Tatouage - non sans risques !


  • Tatouage - non sans risques !

    Rochester, Etats-Unis -Le tatouage rencontre un engouement sans précédent dans toutes les couches de la société et à tout âge. En France, le nombre des salons de tatouage a littéralement explosé, passant de 4 seulement en 1980 à 2000 voir 3000 professionnels exerçant le tatouage comme activité principale en 2011, selon le Syndicat national des artistes tatoueurs.

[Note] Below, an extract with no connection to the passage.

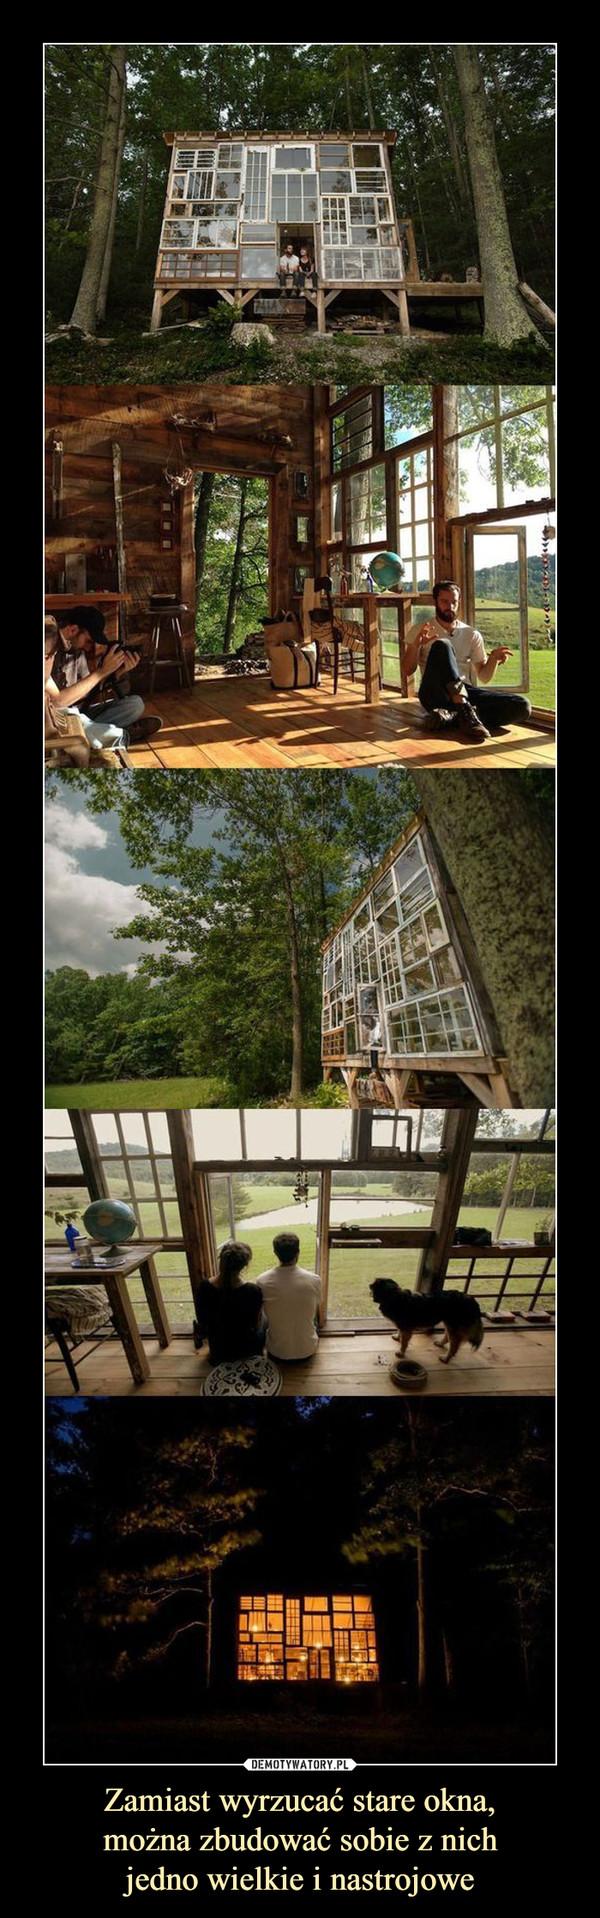 Zamiast wyrzucać stare okna, można zbudować sobie z nich jedno wielkie i nastrojowe –

    Or, cette pratique n'est pas dénuée de risques. Si l'équipement utilisé n'est pas à utilisation unique ou bien stérilisé, il existe, notamment, un risque de contracter des infections virales graves comme l'hépatite B, l'hépatite C ou le VIH.

    Moins grave, mais tout de même alarmant, une équipe de médecins de Rochester vient de rapporter des cas d'infection par la bactérie Mycobacterium chelonae sur les tatouages de 19 personnes (13 hommes et 6 femmes) dans les trois semaines qui ont suivi leur réalisation.

    Les résultats de leur étude ont été publiés dans le New England Journal of Medicine.

    Les tatouages ont tous été réalisés par le même salon professionnel de Rochester entre octobre et décembre 2011. L'infection s'est caractérisée par des éruptions papuleuses uniquement sur les zones de la peau tatouées par de l'encre grise.

    D'après un éditorial accompagnant l'article, ce type d'infection peut être difficile à diagnostiquer car les symptômes sont proches de l'allergie. Des cultures sont parfois nécessaires et peuvent prendre jusqu'à 6 semaines pour livrer un diagnostic. En ce qui concerne le traitement, le choix des antibiotiques peut être limité par le profil de susceptibilité des organismes et il peut être prolongé. Enfin, des complications comme la co-infection par le staphylocoque doré ont été décrites.

    Une contamination dès la fabrication
    Les biopsies réalisées par B. S. Kennedy et coll. (Monroe County Department of Public Health, Rochester, Etats-Unis) chez 17 de 19 patients ont permis d'isoler la bactérie chez 14 d'entre eux. La présence du pathogène a été confirmée par séquençage ADN.

    Des antibiothérapies par macrolides, en premier, puis par doxycycline ou les deux ont été initiées chez 18 des patients et leur état s'est amélioré (bien qu'à un rythme variable en fonction des individus).

    Auparavant, d'autres émergences de Mycobacterium chelonae ont été rapportées aux Etats-Unis et en France, toujours localisées sur les zones grises des tatouages.

    En 2010, des dermatologues de Rouen avaient constaté les mêmes éruptions pustuleuses sur les tatouages de 48 patients.

    Jusqu'ici l'hypothèse était que la contamination provenait du fait que l'encre noire était transvasée dans des petites bouteilles et diluée avec de l'eau non stérile pour obtenir des variations de gris et que les seringues étaient rincées avec de l'eau du robinet.

    Mais, dans cette nouvelle série de cas, la bactérie a été retrouvée dans des bouteilles d'encre non ouvertes suggérant un défaut d'hygiène dans la chaîne de fabrication avant la distribution du produit. L'encre prémixée a été rappelée par le fabriquant et le Centers for Disease Control a lancé une alerte au niveau national.

    « Même si une personne se fait faire un tatouage chez un tatoueur qui a les standards les plus élevés en matière de d'hygiène et de sécurité sanitaire il reste un risque d'infection par l'utilisation d'encre contaminée. Les personnes qui se font tatouer doivent être conscientes de ce risque et consulter si des lésions papuleuses rouges ou une éruption maculaire diffuse apparaissent  », concluent les éditorialistes.